We’ve used Facebook AI’s LASER toolkit and Faiss library to create WikiMatrix, the largest and most complete extraction of parallel sentences across multiple languages. Using publicly available Wikipedia articles, we extracted 135 million parallel sentences for 1,620 different language pairs in 85 different languages. The pairings systematically cover all possible language pairs, including uncommon ones such as Hebrew-Italian and Arabic-Vietnamese.
We are now sharing WikiMatrix with the AI research community. Additionally, we are providing an exhaustive quality assessment by training more than 1,800 neural machine translation systems and evaluating them on the TED corpus. WikiMatrix provides parallel data to directly train neural machine translation systems between even distantly related languages, without the need to first translate to English.

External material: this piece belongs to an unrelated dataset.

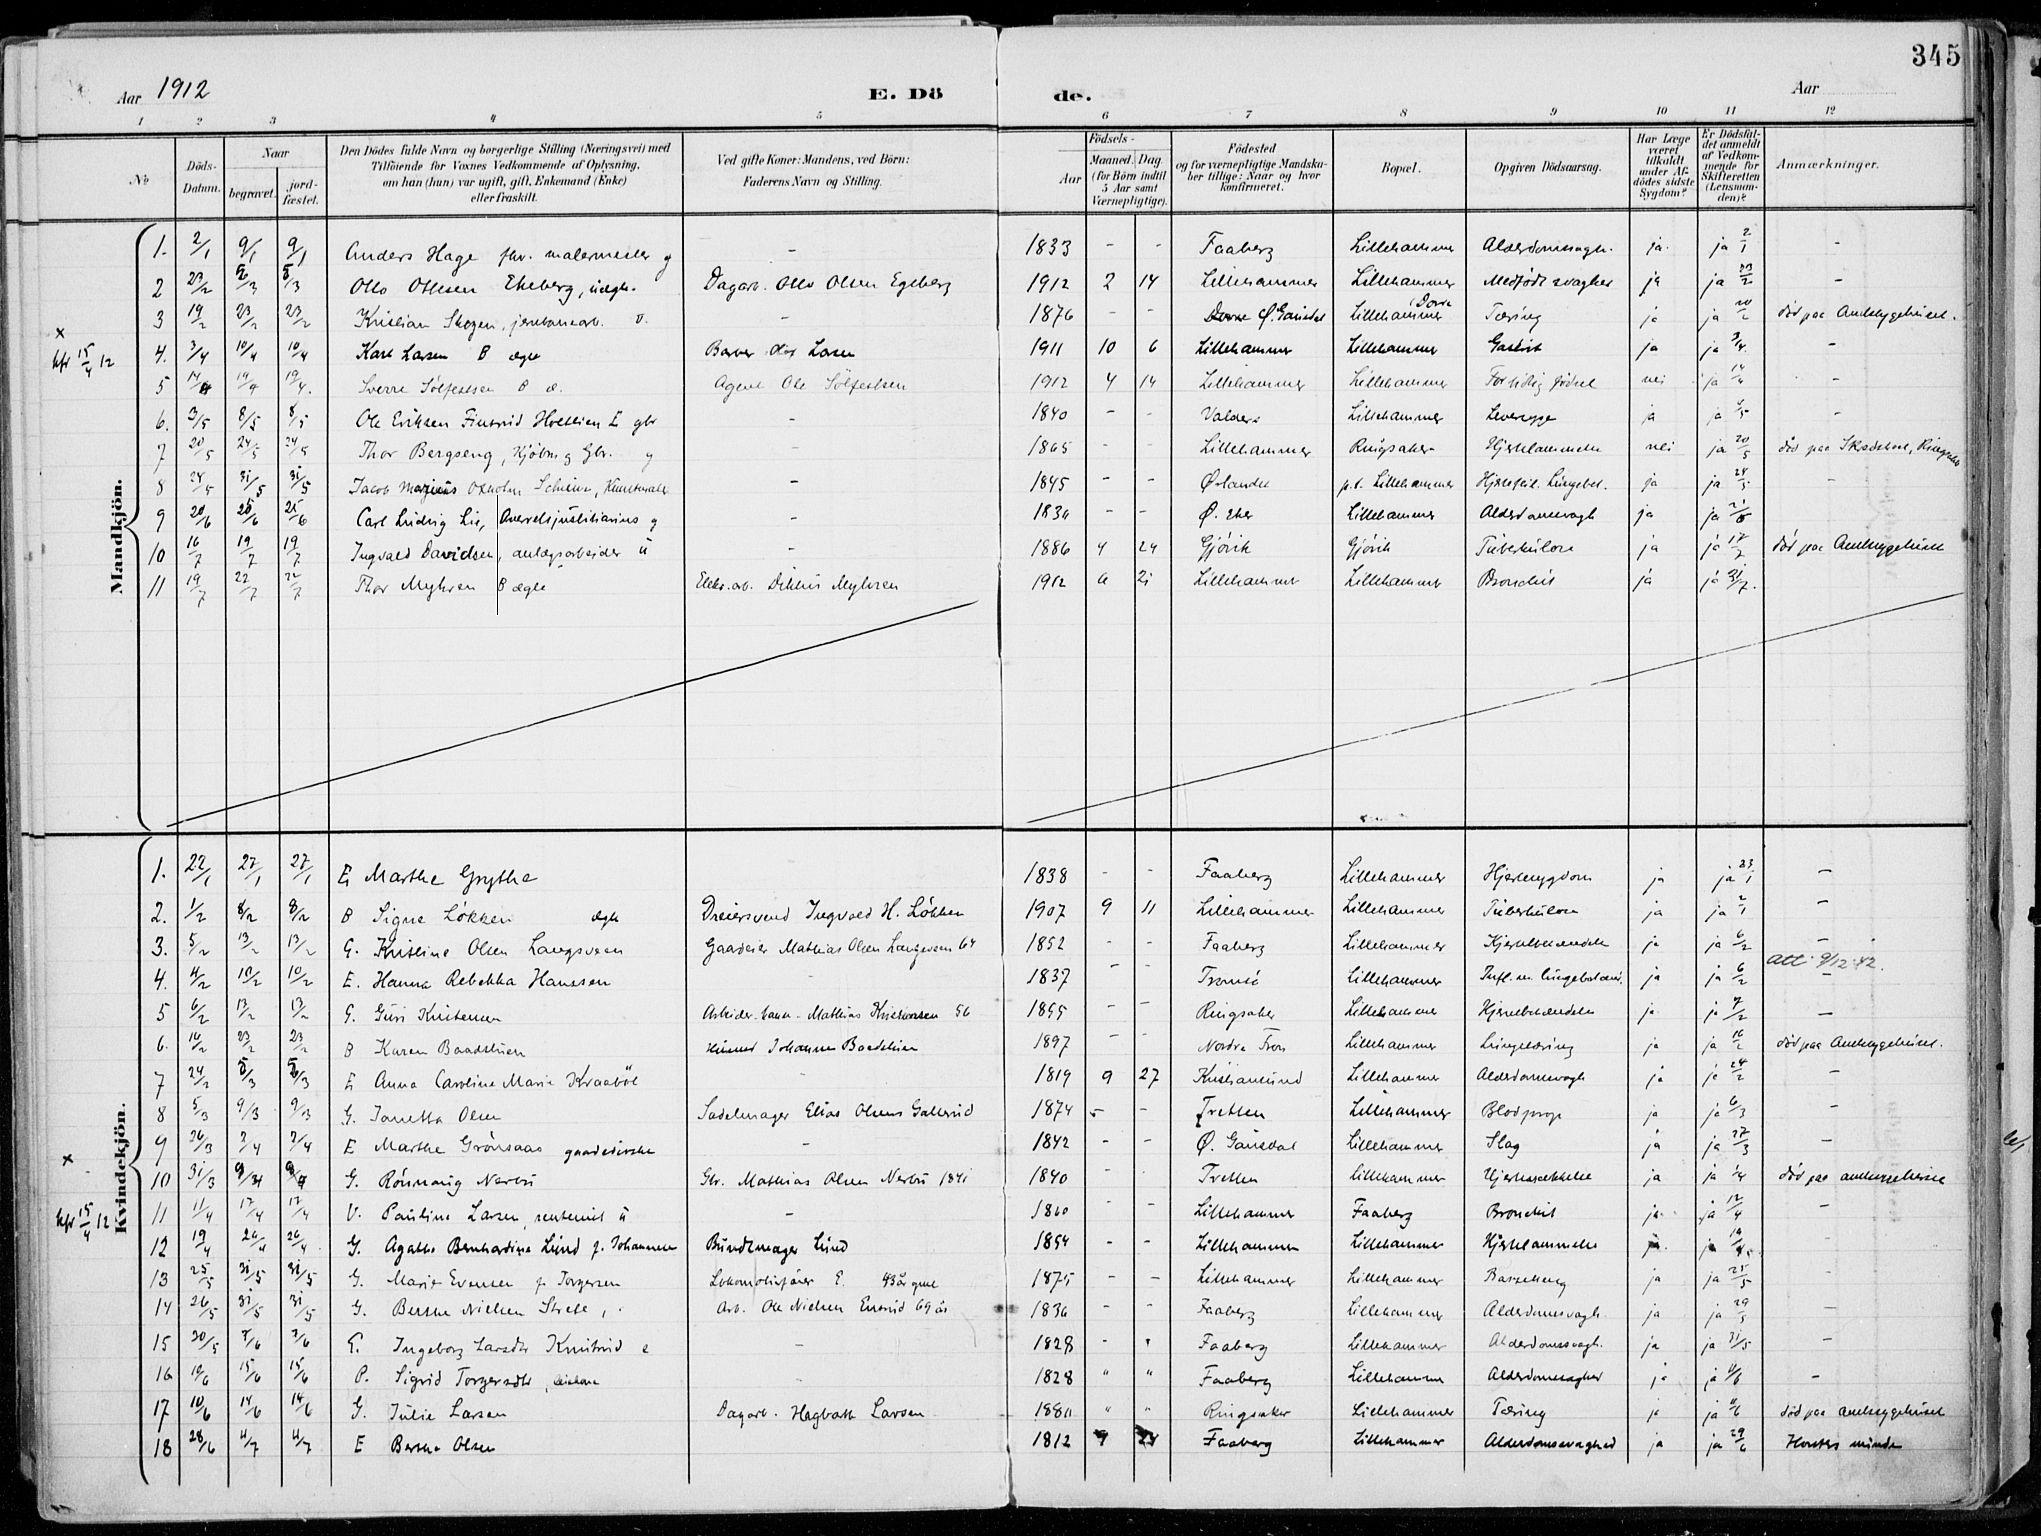 SAH, Lillehammer prestekontor, Ministerialbok nr. 1, 1901-1916, s. 345

Most multilingual models, and neural machine translation systems in particular, require parallel corpora for training. Large quantities of parallel texts are available only for some major languages, and are usually aligned only to English. WikiMatrix is the first dataset to systematically handle all languages on Wikipedia, including low-resource languages and dialects. Also, many publicly available parallel corpora come from one specific source (e.g., legal texts), while the WikiMatrix corpus covers the wide range of topics on Wikipedia. Because WikiMatrix contains a large volume of sentence pairs in different languages, it can be used to train and evaluate translation systems more effectively for low-resource languages.
WikiMatrix also demonstrates how LASER’s massively multilingual sentence embeddings and the Faiss library can be used to efficiently perform large-scale distance-based bitext mining. In contrast, a brute force method of comparing the 134 million English and 51 million German Wikipedia entries would require calculating more than 6 quadrillion distances.
NLP researchers can use WikiMatrix to train, evaluate, and compare new translation models or other multilingual models for 85 different languages and dialects.